■ **SUPPLIED INFORMATION**
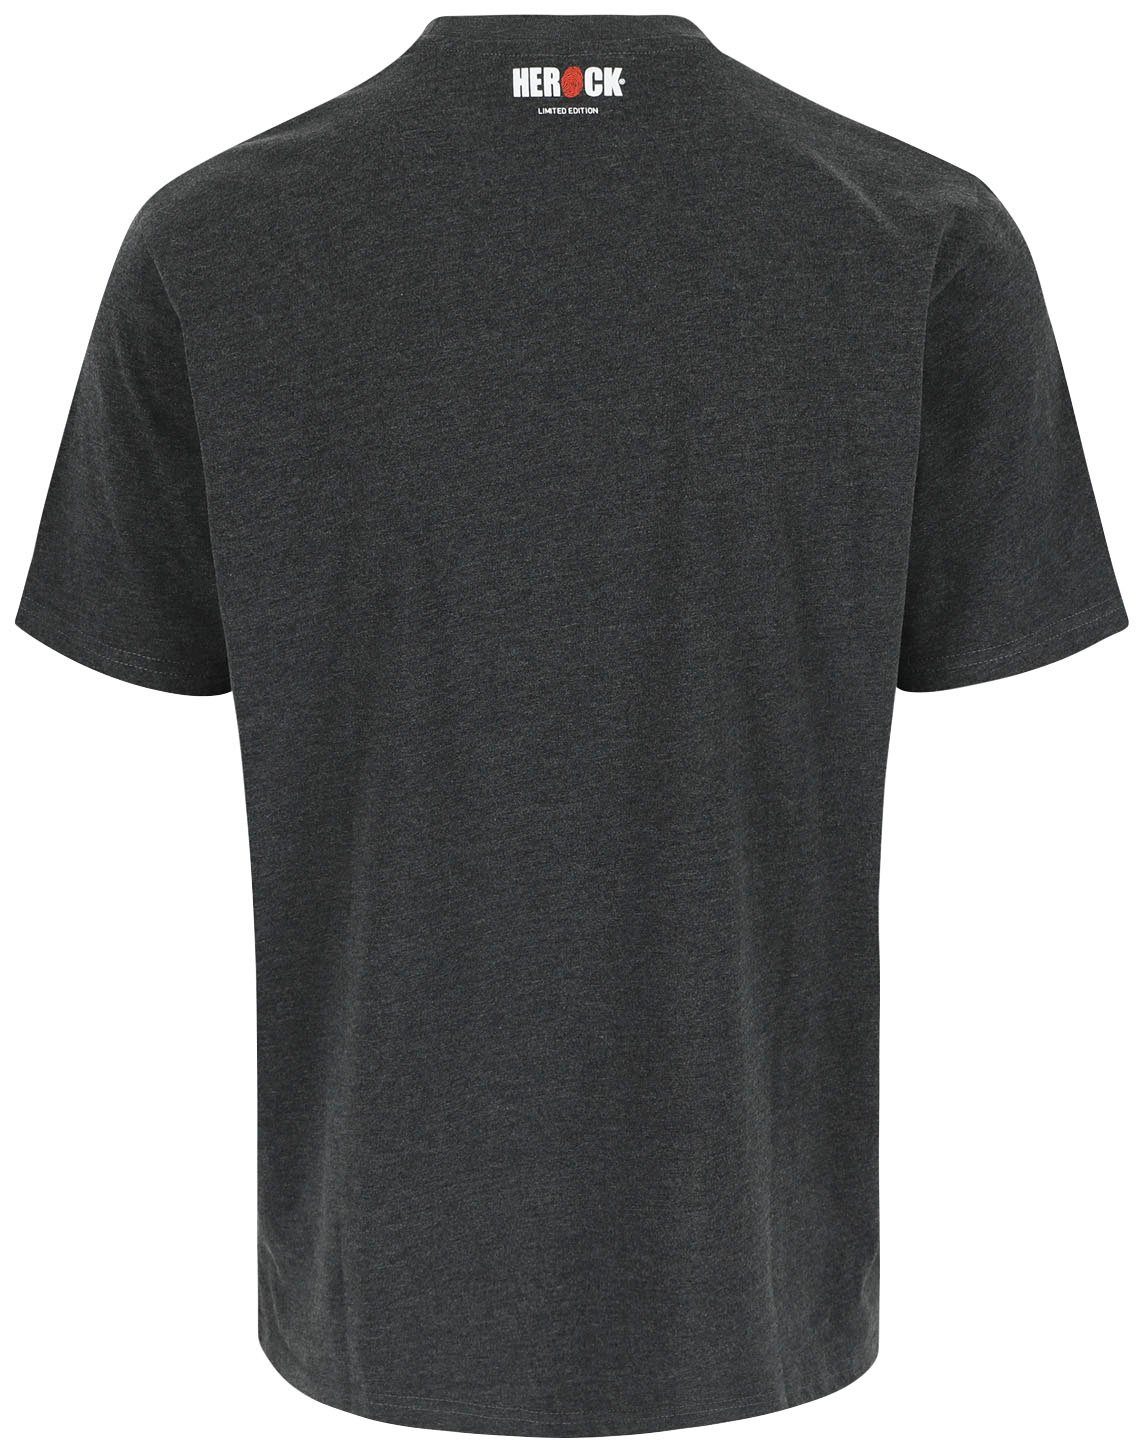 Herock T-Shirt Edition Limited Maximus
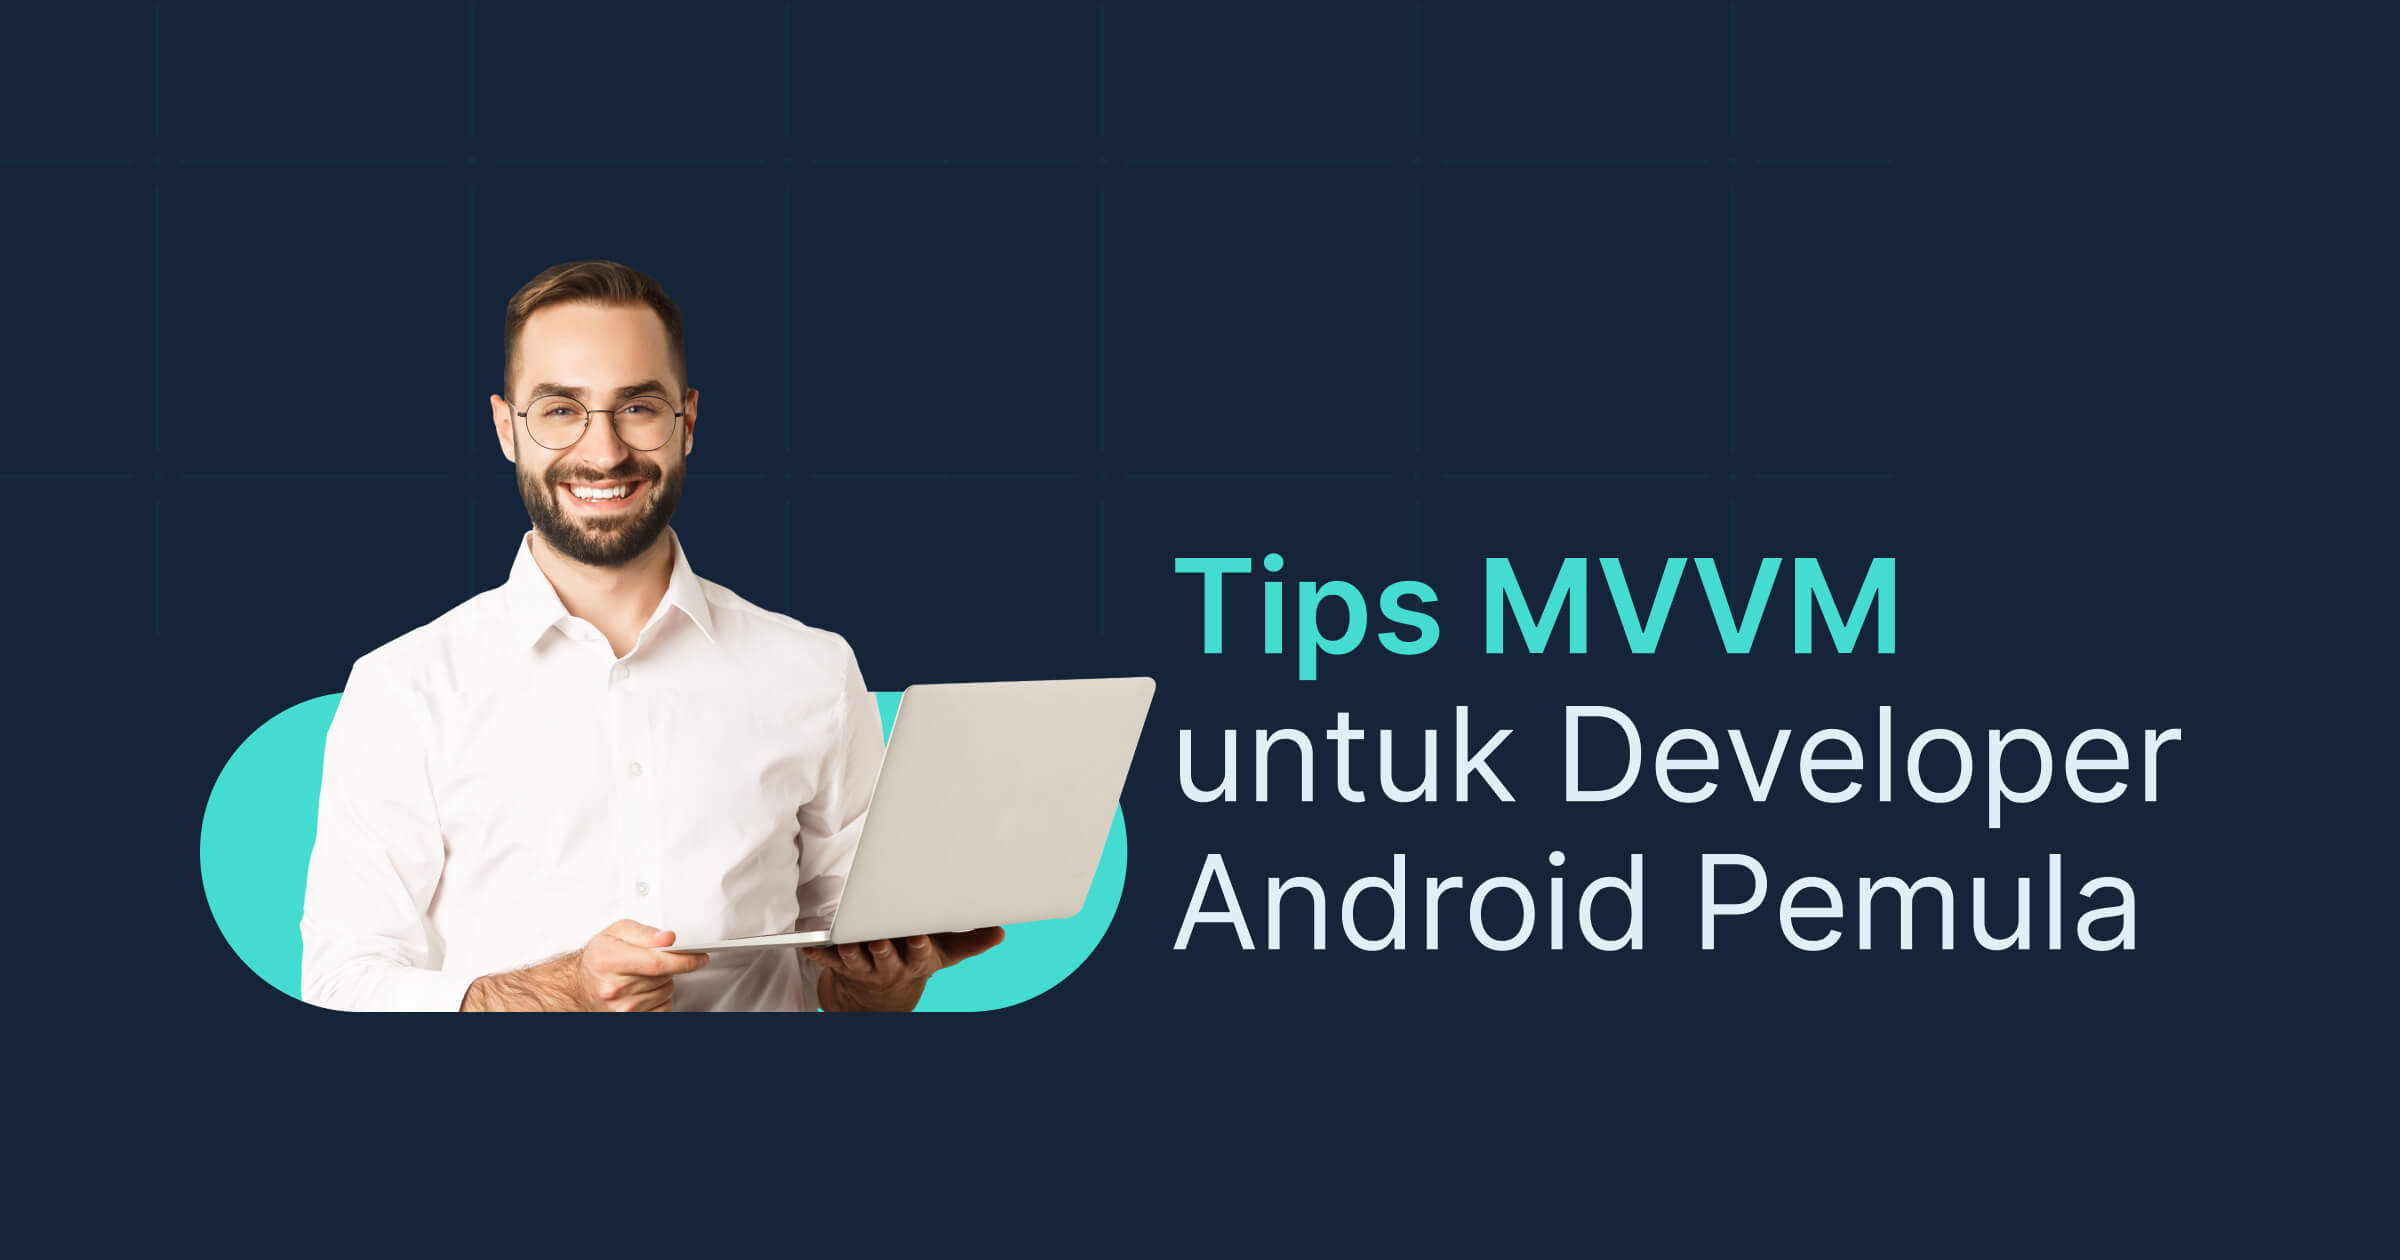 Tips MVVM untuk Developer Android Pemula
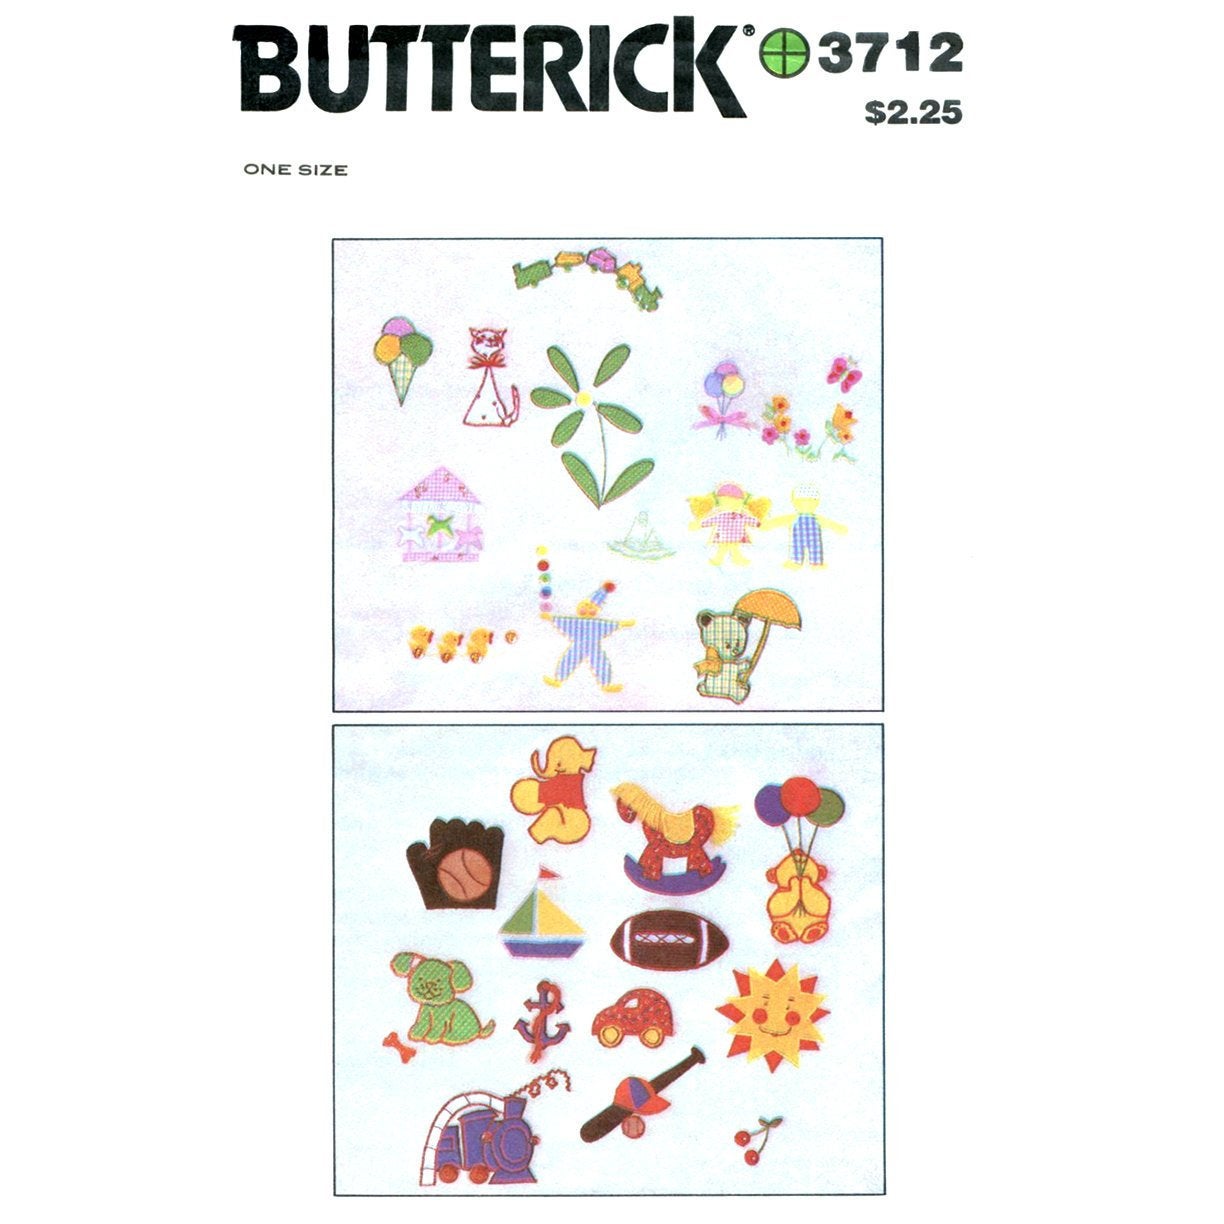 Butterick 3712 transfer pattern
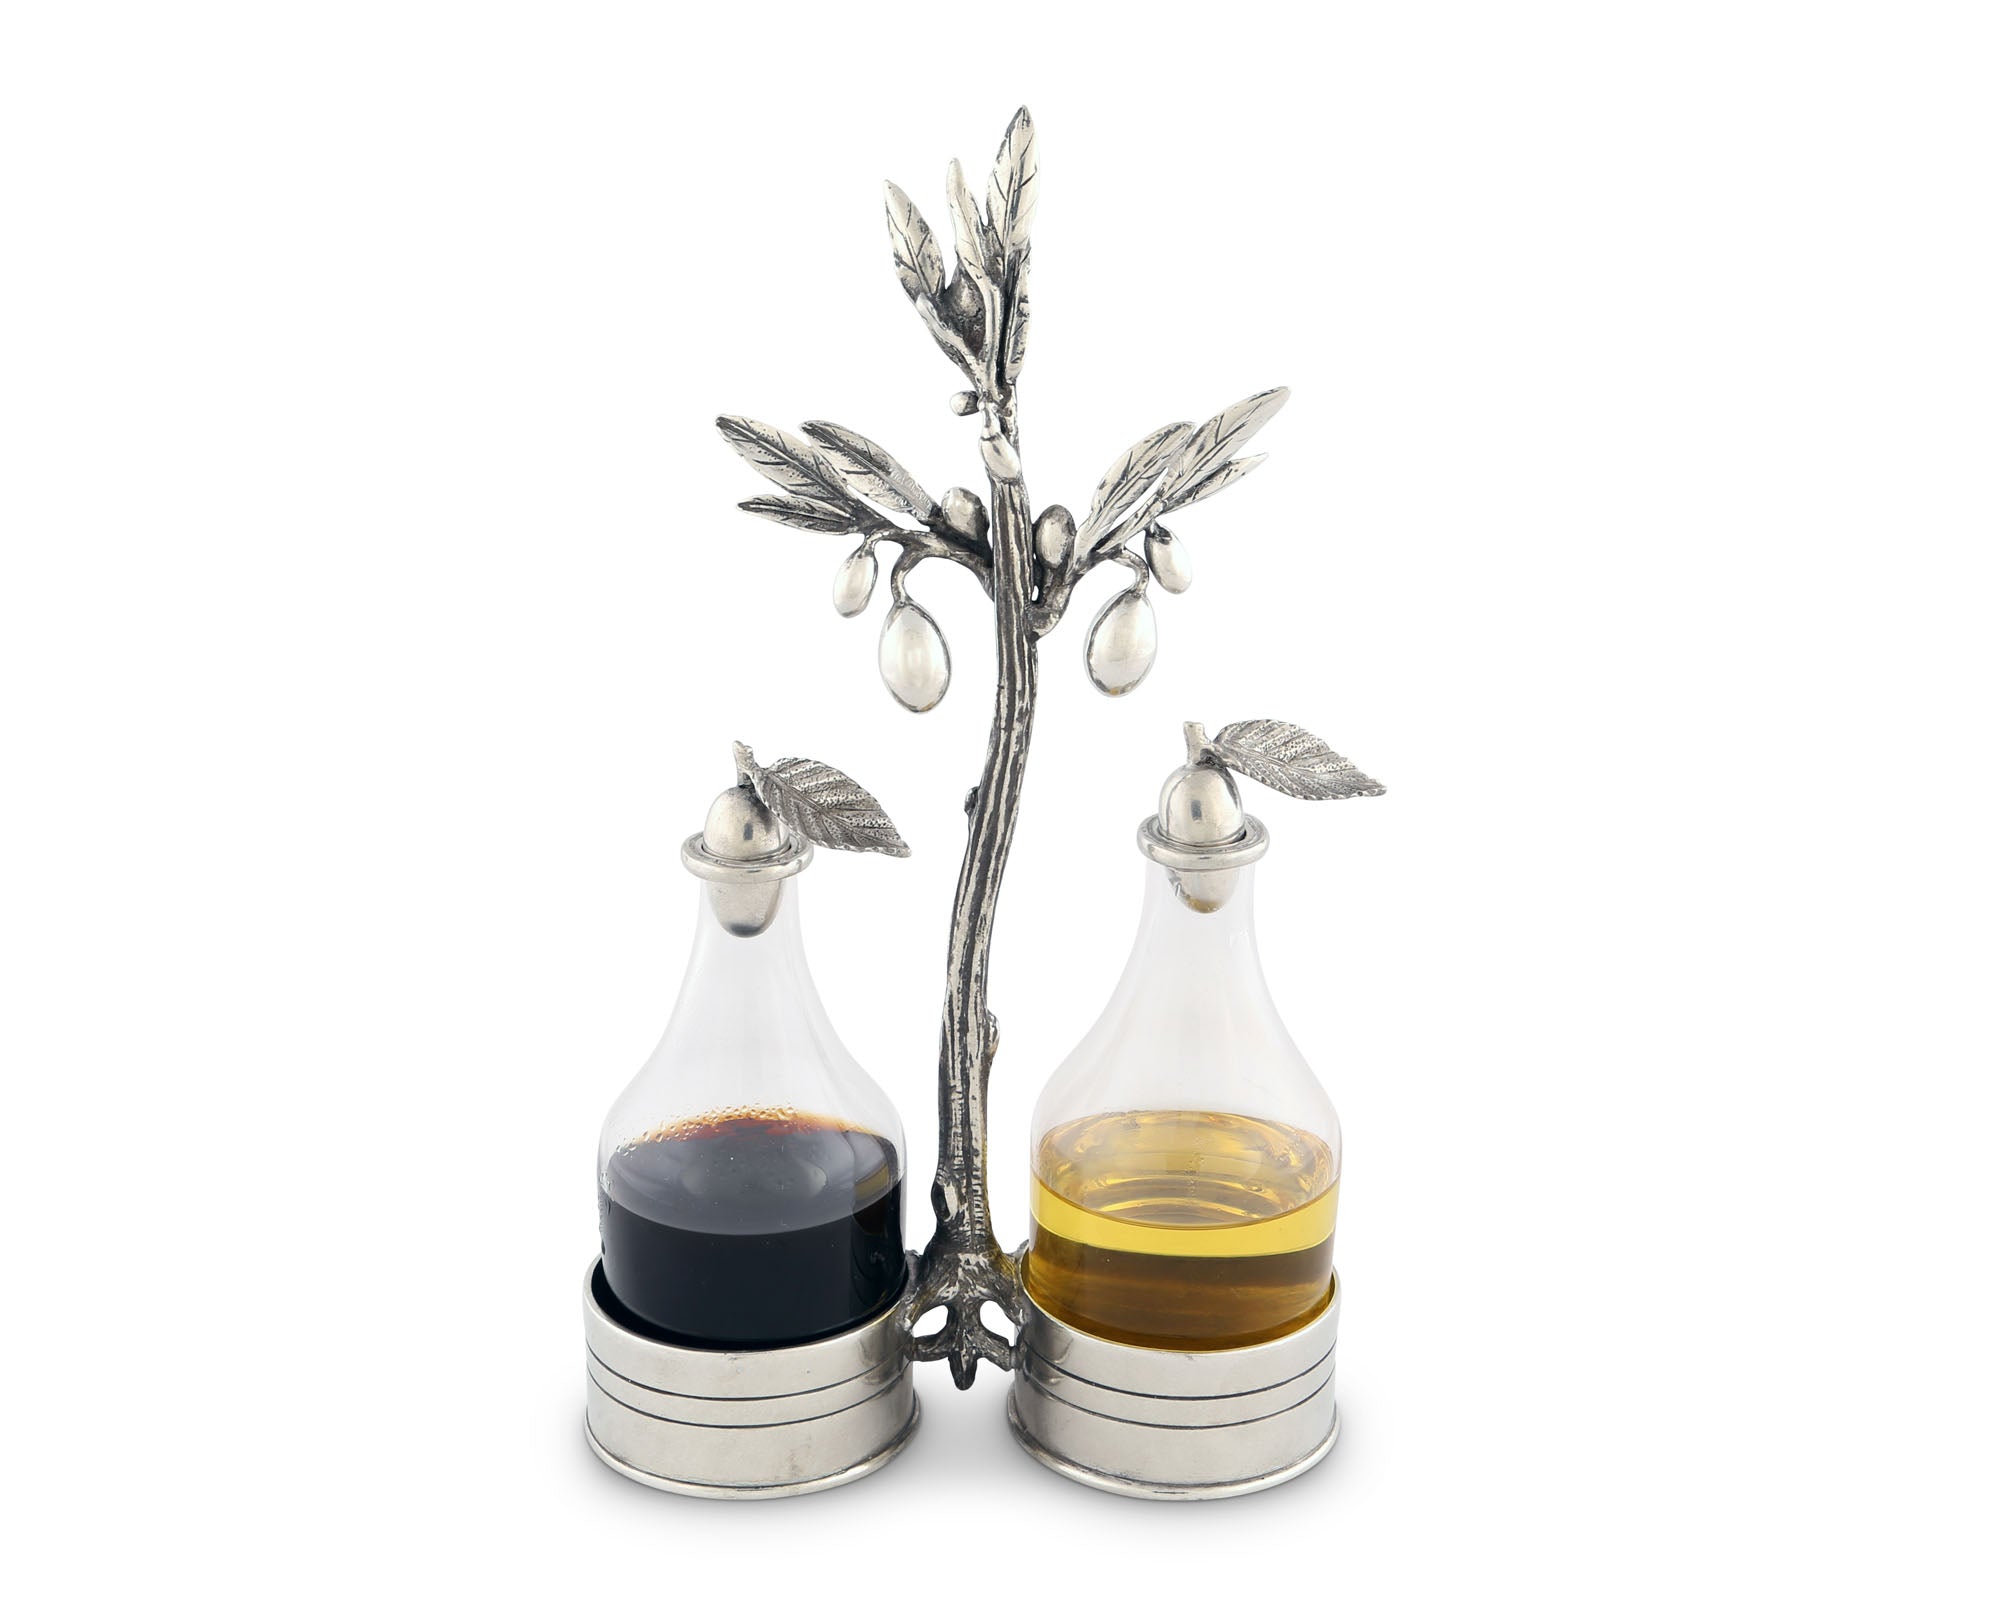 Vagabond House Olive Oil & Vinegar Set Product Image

■ **REQUIREMENT**
Starting at the line that contains "Tips MVVM untuk Developer Android Pemula" and ending with the last line of the data, transcribe every line exactly; skip the pictures.

■ **WRITTEN SOLUTION**
 Tips MVVM untuk Developer Android Pemula
 Butterick 3712 transfer pattern
 Vagabond House Olive Oil & Vinegar Set Product Image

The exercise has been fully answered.